Ершов быстро и весело, как китайский болванчик, закивал круглой головой:
— Вот, вот, вот! Покупал за свой счет сахар и добавлял его в этот кисельный порошок. Причем добавлял в соотношении пятьдесят на пятьдесят... А теперь — посчитайте! — Он остановился и стал считать, загибая толстые пальцы, — полкило порошка стоит восемьдесят копеек! Так?! Полкило сахара — а сахар Лапидус покупал не по розничной цене, а все на той же оптовой базе — двадцать пять копеек! Так?! Разница — пятьдесят пять копеек. Вычтем двадцать пять, истраченные Лапидусом, и получим прибыль на каждый килограмм... Сколько? Ну-ка, прикиньте, если не забыли арифметику...
Таратута поглядел на Ершова и даже присвистнул от удивления:
— Тридцать копеек!
Ершов засмеялся:
— Точно. Тридцать копеек. С каждого килограмма.
Он снова засмеялся, потер ладонью голову, словно приглаживая волосы, которых не было и в помине:
— Благородный человек! Конечно, надо отдать ему справедливость — до такой комбинации додумается не каждый, но...
Он вдруг остановился перед Таратутой, протянул руку:
— Паспорт.
Таратута, пожав плечами, вытащил из бокового кармана клетчатого пиджака паспорт в картонной обложке, подал его Ершову.
— Фамилия — Таратута, — вслух прочел Ершов, — имя — Семен, отчество — Янович, год рождения — одна тысяча девятьсот тридцать шестой... Место рождения — Варшава...
Он сдвинул брови:
— Варшава? А почему — Варшава?
— А почему — нет?! — нахально возразил Таратута. — Или человек уже не имеет права родиться в Варшаве?!

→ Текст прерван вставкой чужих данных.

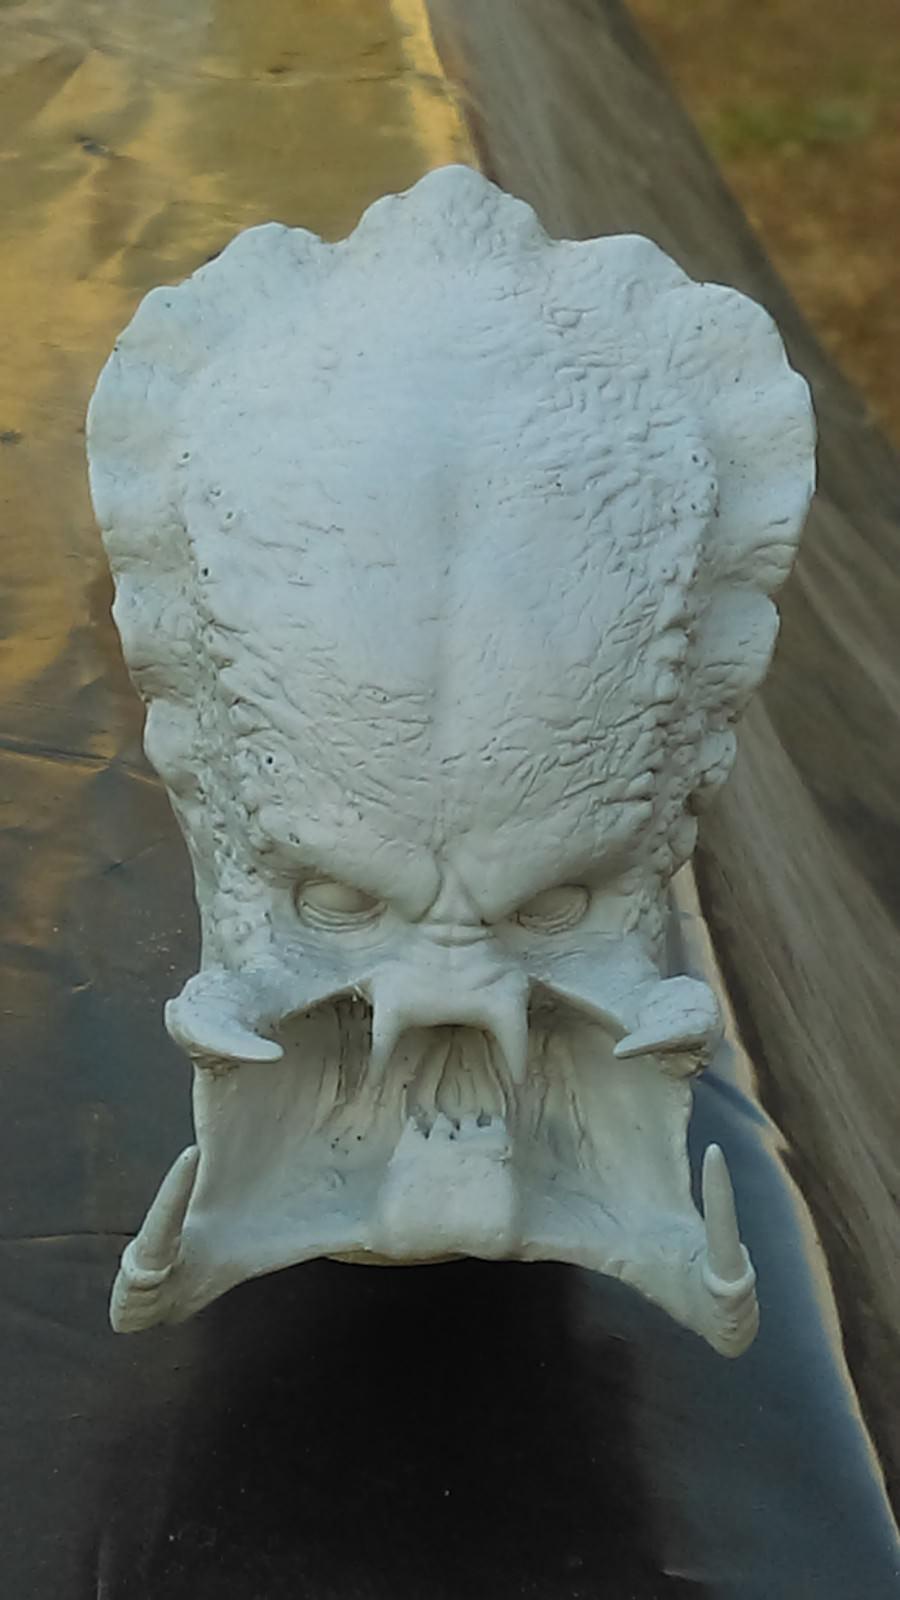 Hot Toys pROTator AVP SCAR CELTIC ANCIENT CHOPPER  custom head resin casting
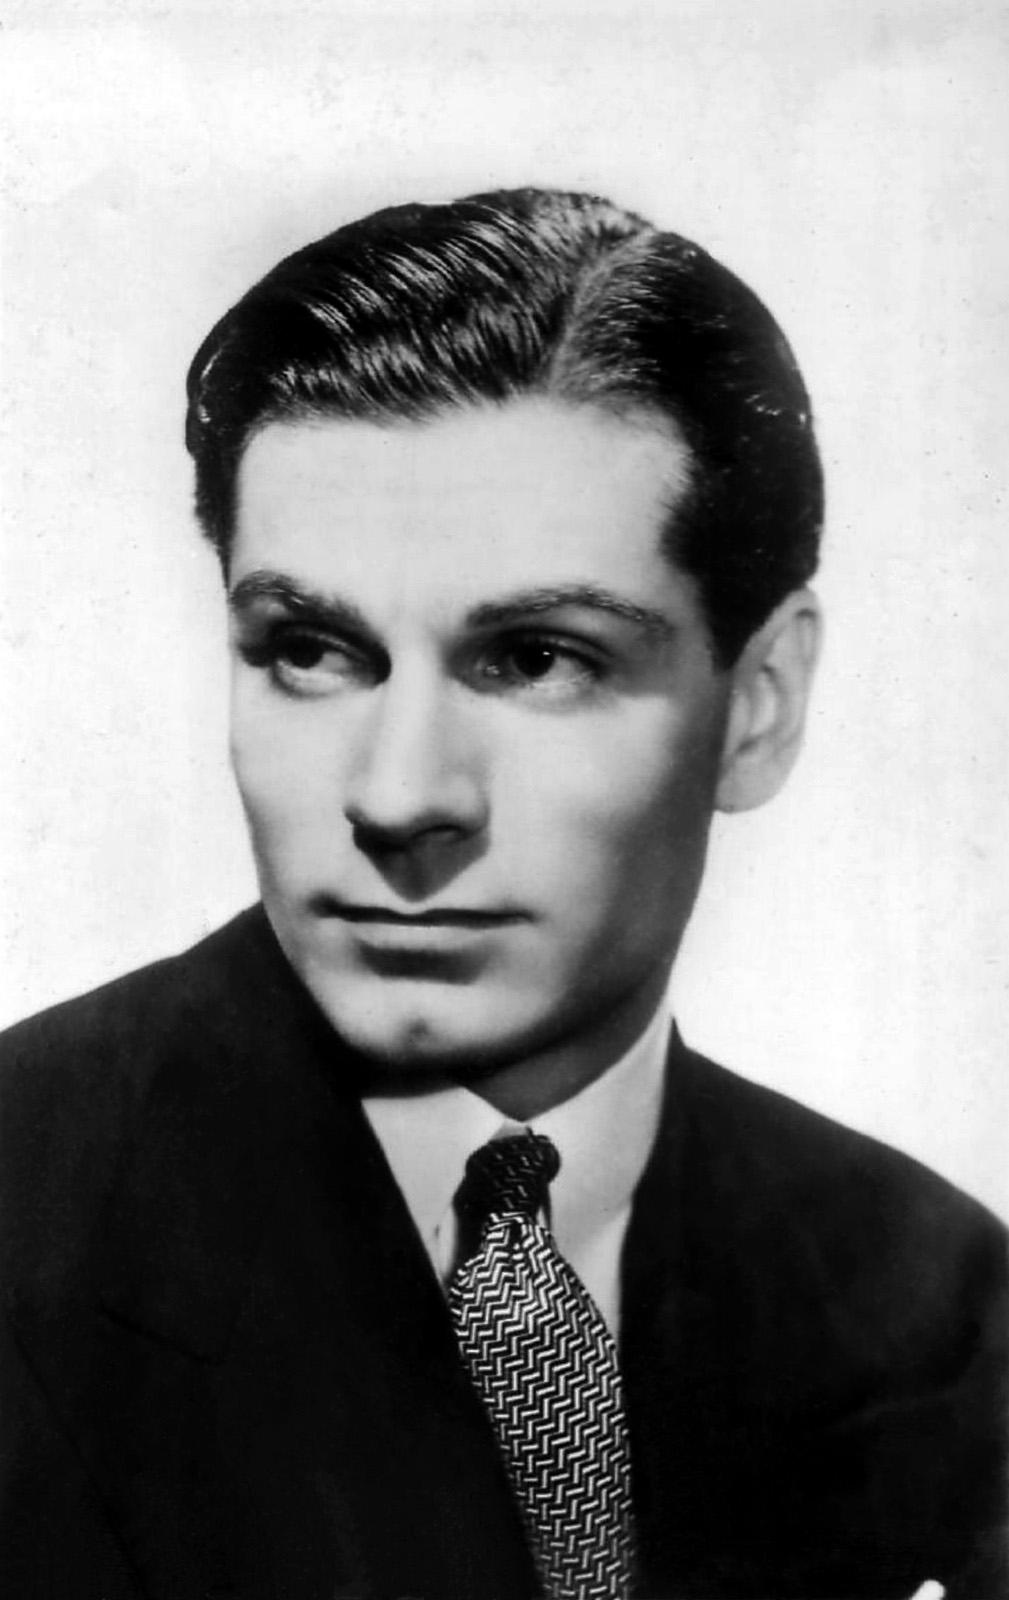 Laurence Olivier-NRFPT

— Имеет, имеет право! — пробормотал Ершов, слегка зажмурил глаза и услышал внезапно негромкую музыку и нежный хрипловатый женский голос поющий "Вшистко мни едно", и в лицо ему ударил запах кофе, настоящего кофе, который подавали в той знаменитой "кавярне", на Маршалковской... Черт, он уже и не вспомнит теперь, как она называлась!..
Он встряхнул головой и снова уткнулся в паспорт:
— Национальность — прочерк.
Он поглядел на Таратуту:
— А это что значит?
— А это значит, что я не знаю своей национальности! — сказал Таратута. — Были Таратуты евреи, были Таратуты поляки...
— Понятно! — сказал Ершов, уже начиная обо всем догадываться. — В каком году вы приехали в Советский Союз?
— В тридцать восьмом.
— Где жили?
— Сначала в Москве. С родителями. А потом в Свердловске. Там я уже был один. В детском доме.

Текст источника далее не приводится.